▸ **Work order**
The expected output is the line with "7 Wonders Restaurant Jacksonville Menu - 1" plus all lines after it to the end of the material below, reproduced exactly, with pictures omitted and nothing else included.

▸ **Information supplied**
╔══
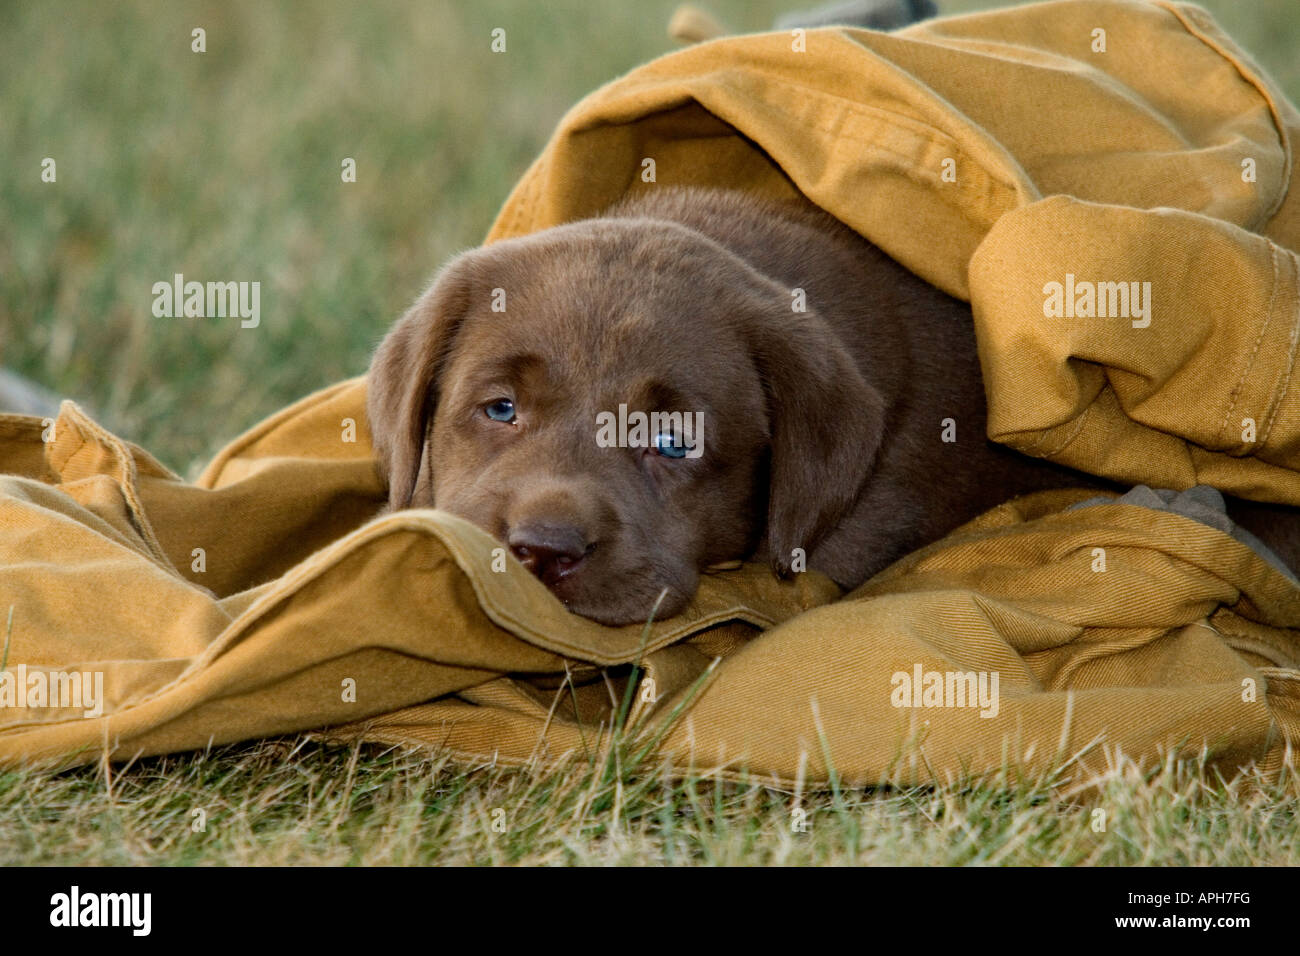 Chocolate Labrador retriever lying on a hunting coat Stock Photo
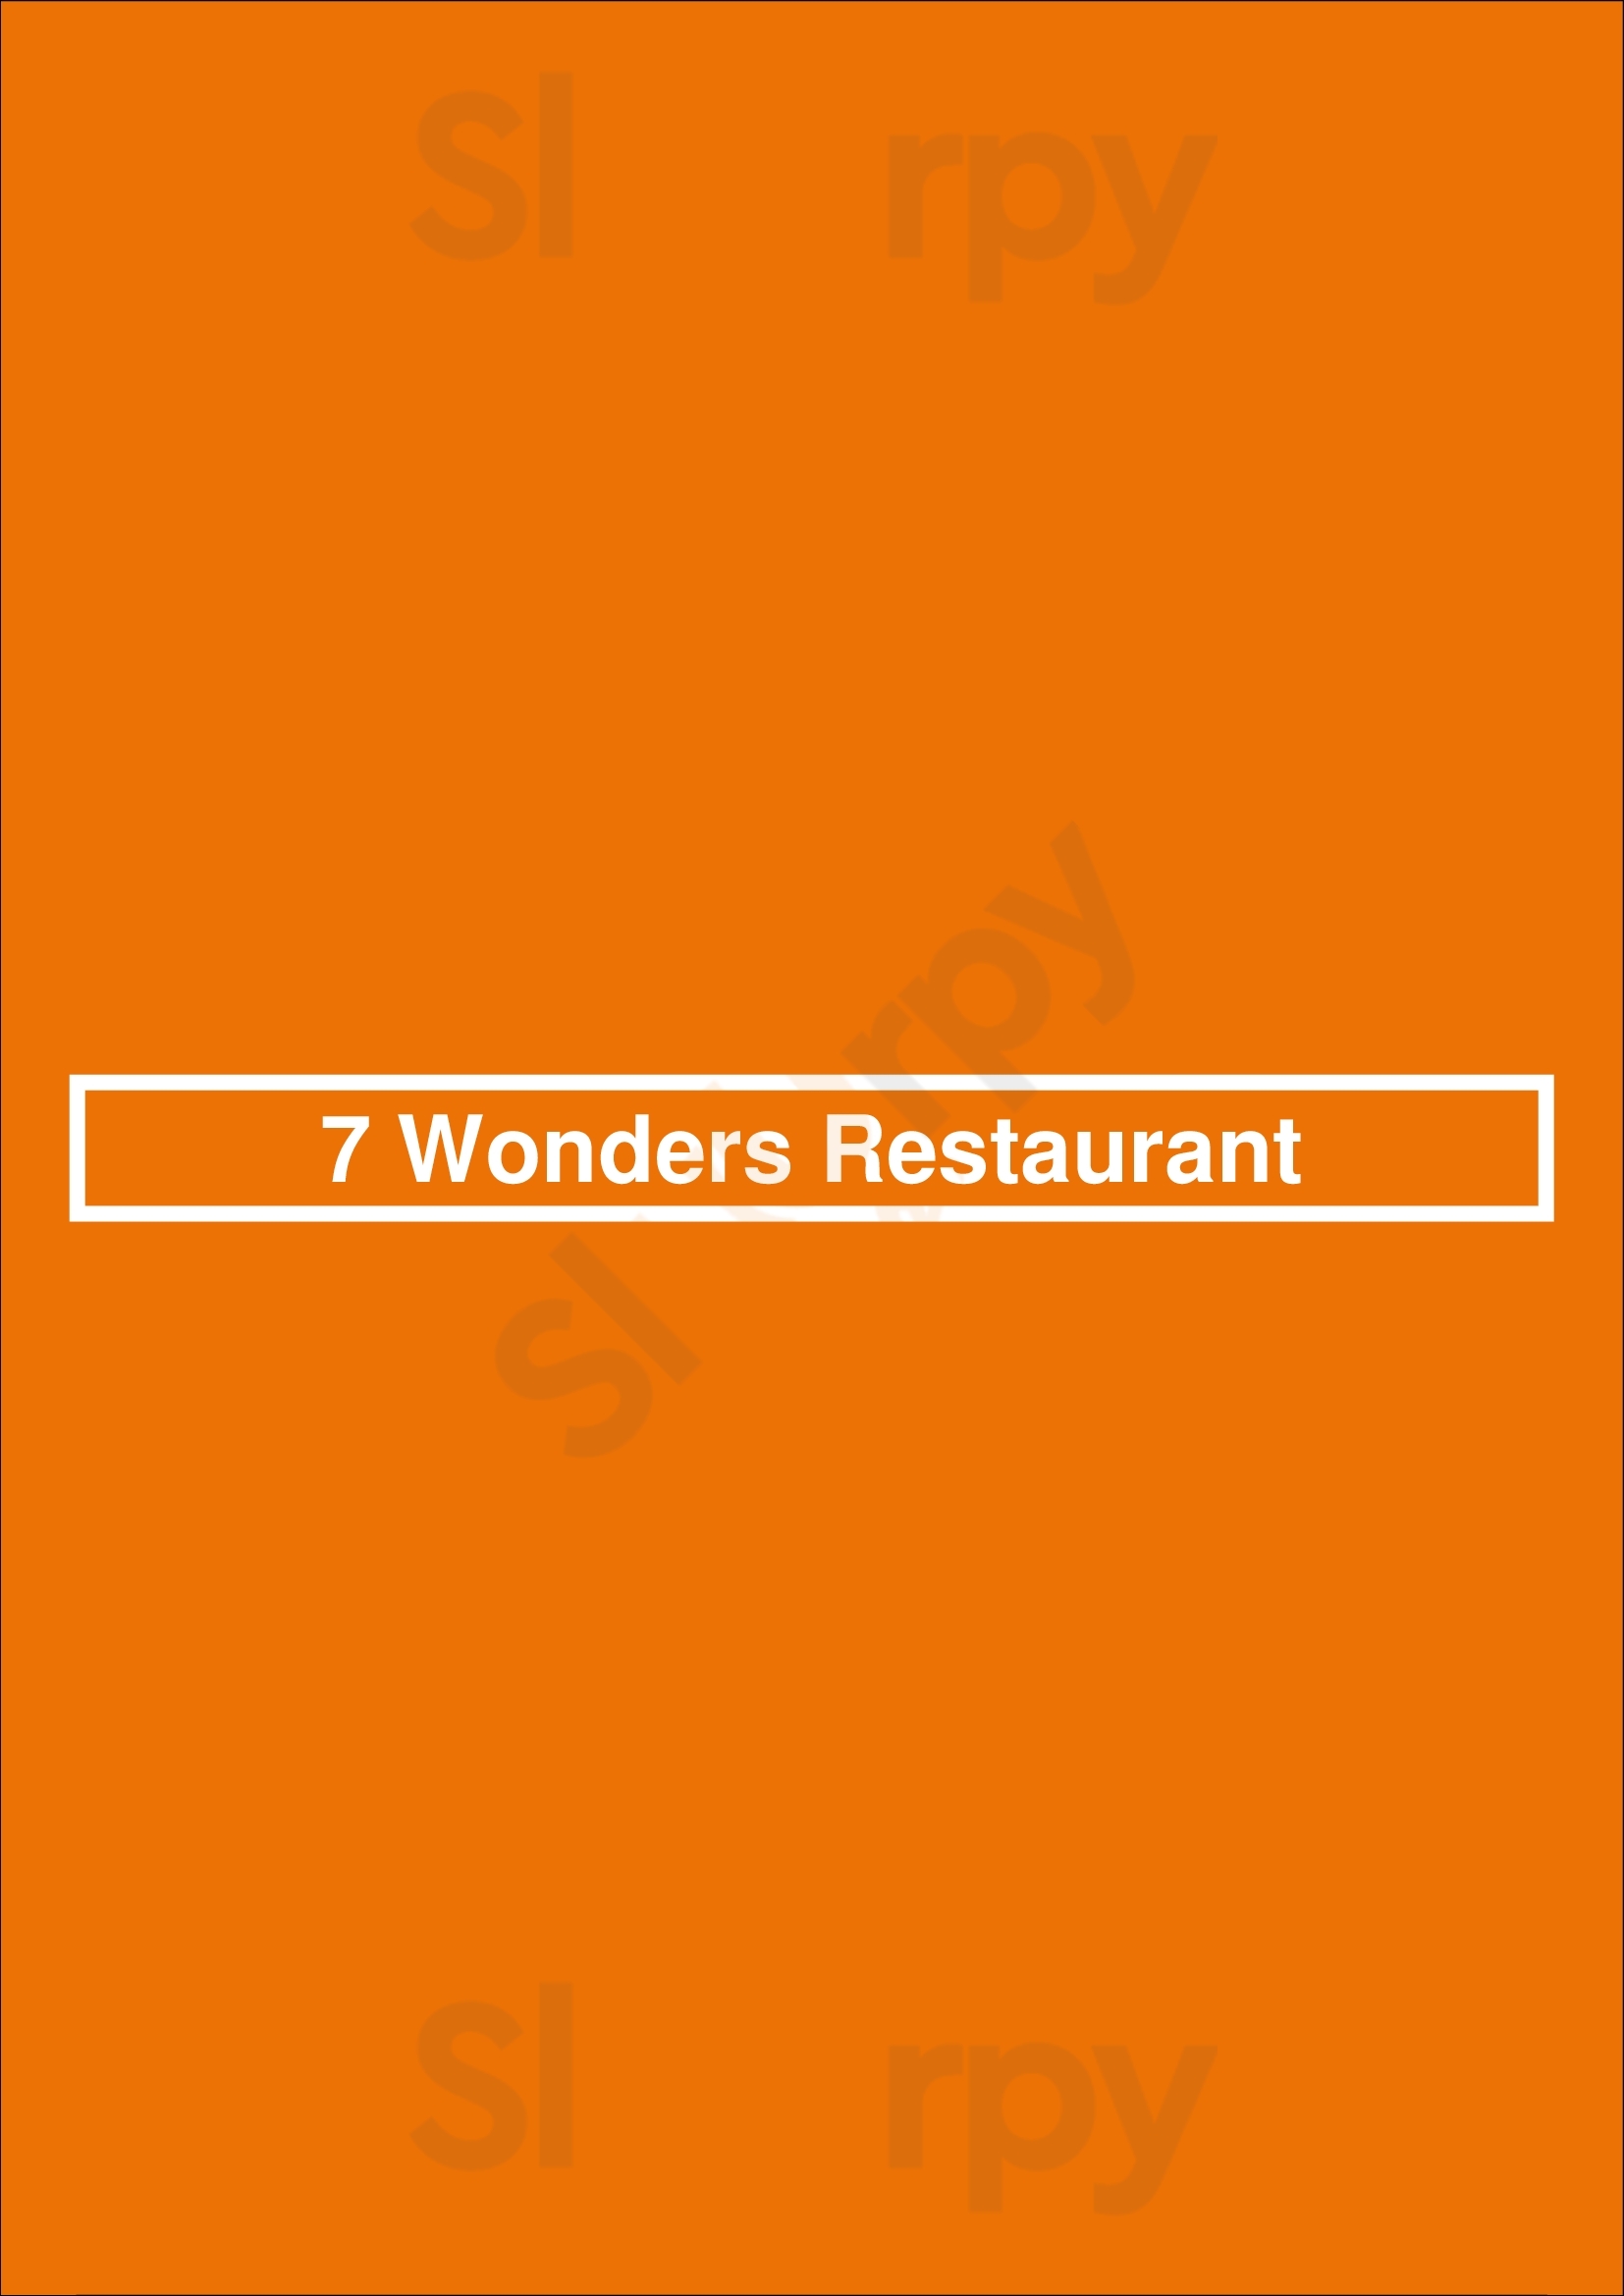 7 Wonders Restaurant Jacksonville Menu - 1
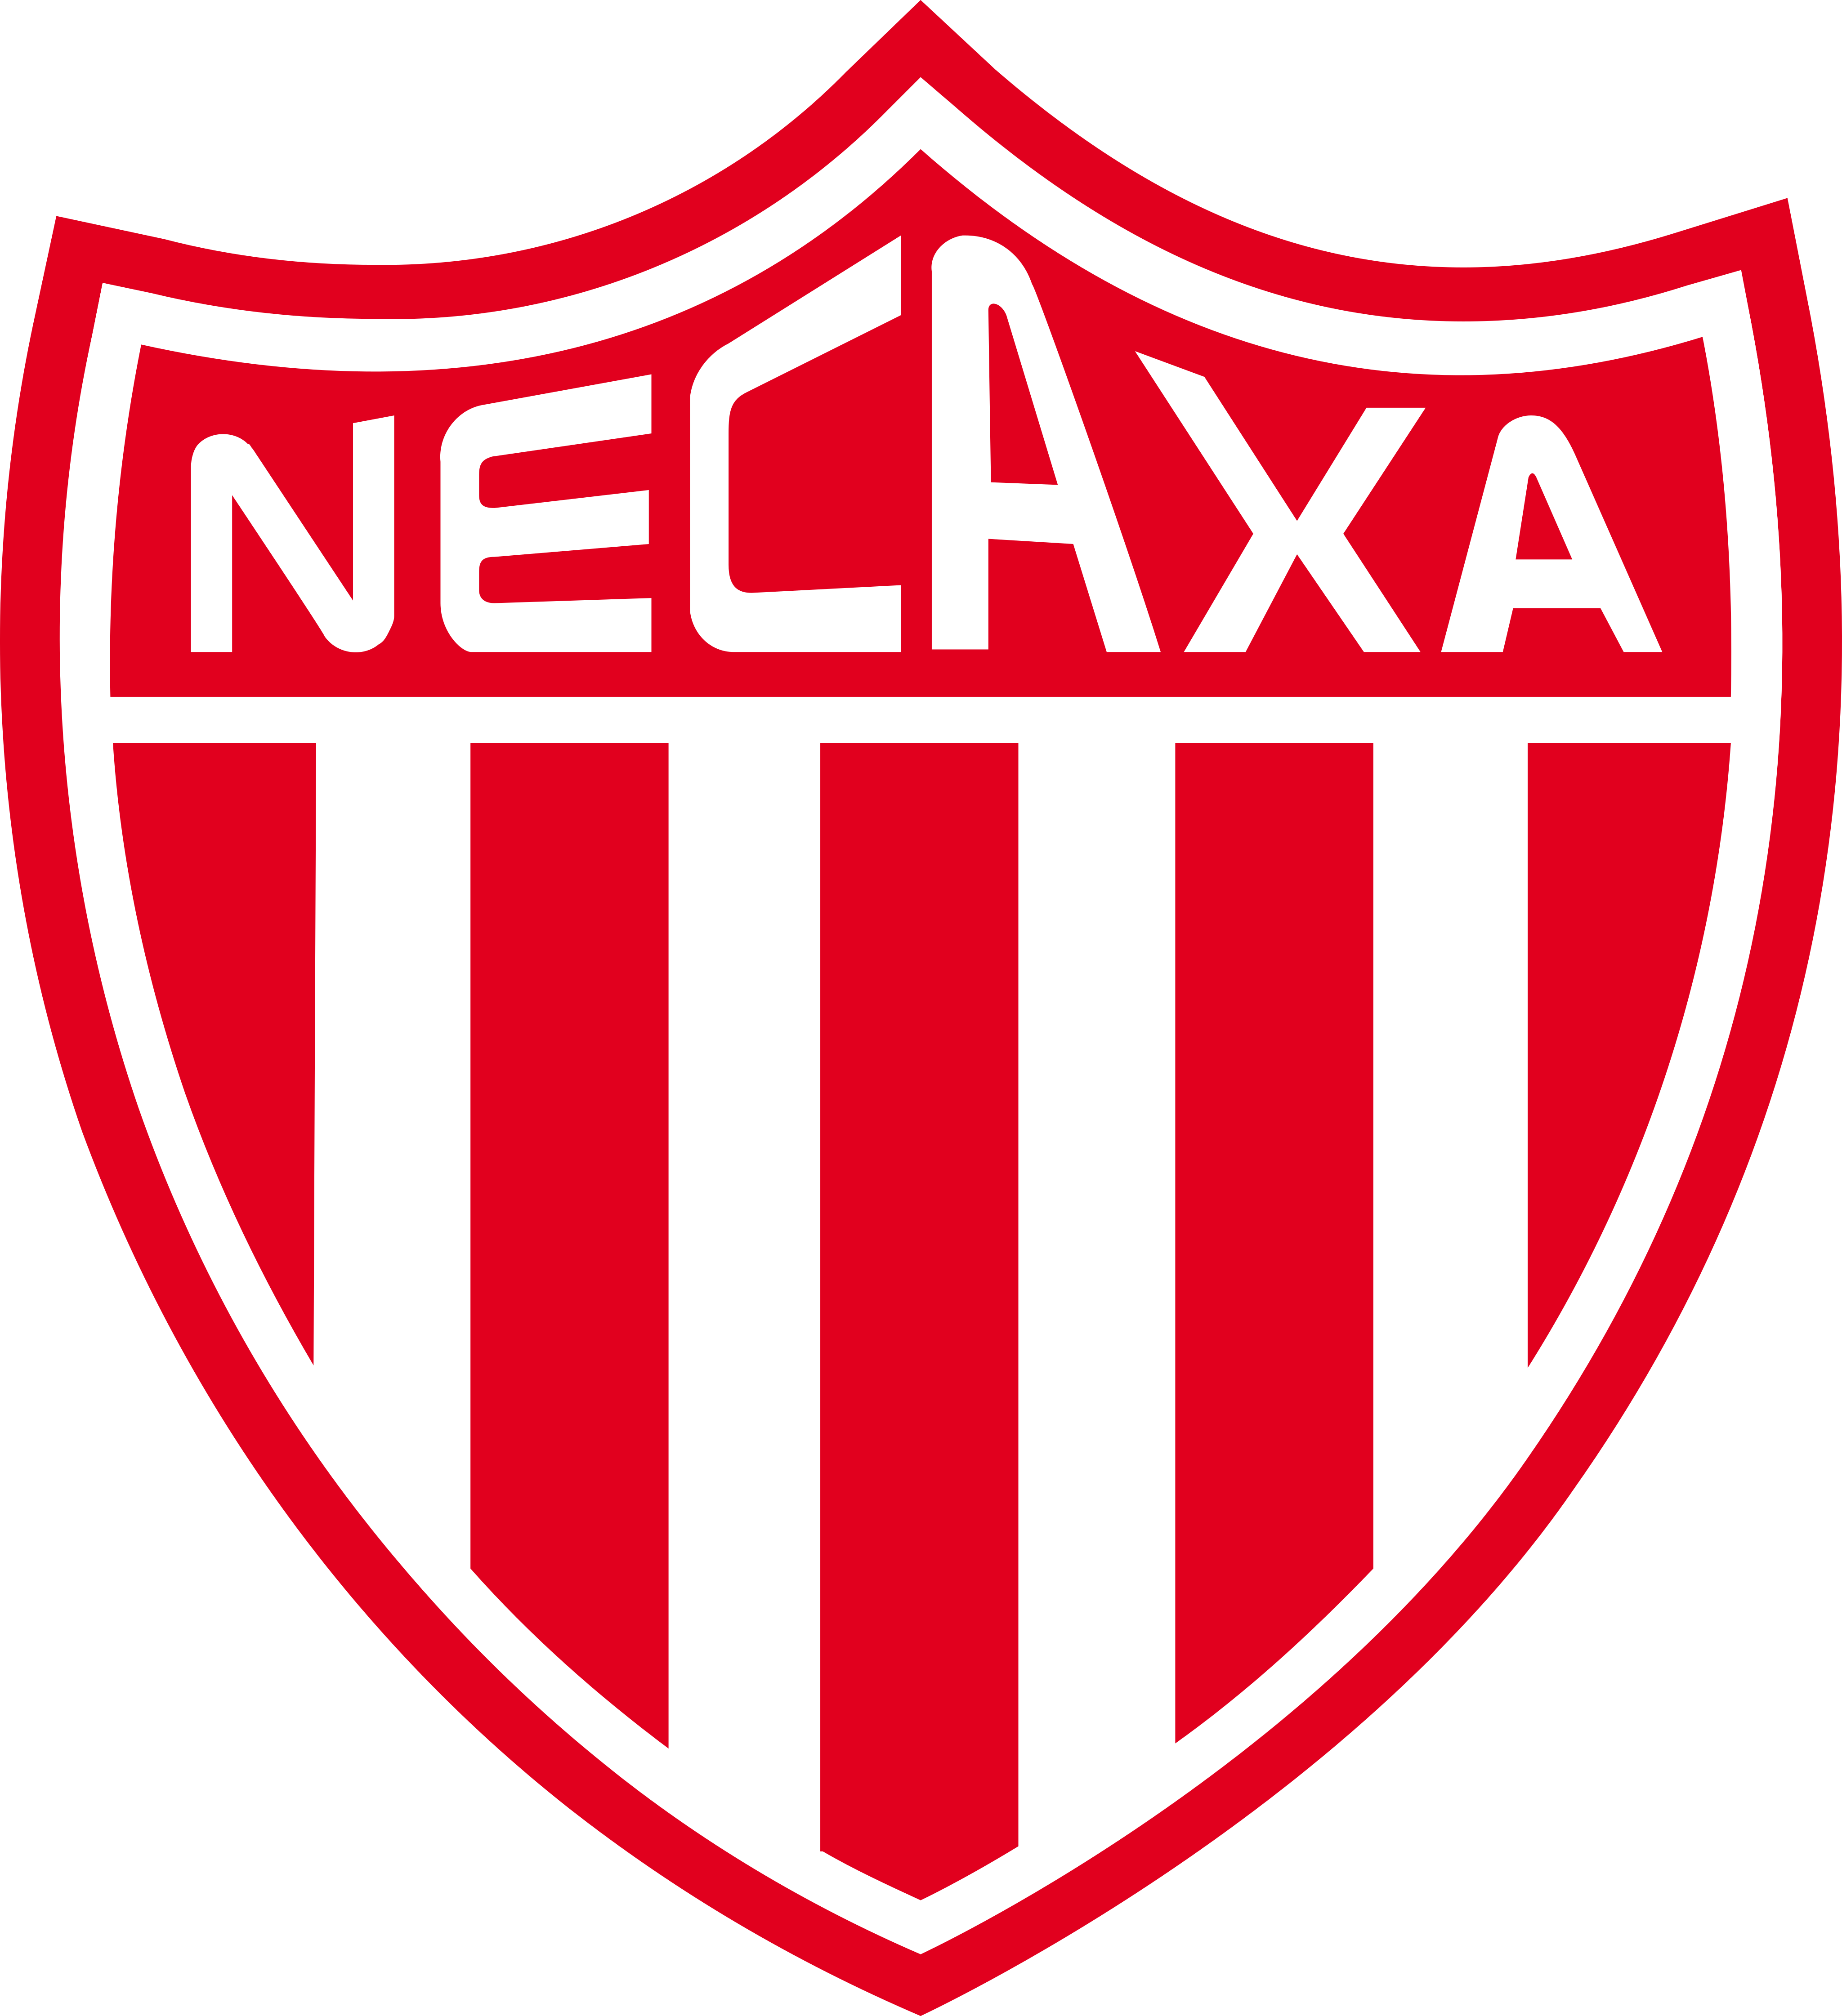 club necaxa logo - Club Necaxa Logo
╚══
▸ **Answer space**
 7 Wonders Restaurant Jacksonville Menu - 1
 club necaxa logo - Club Necaxa Logo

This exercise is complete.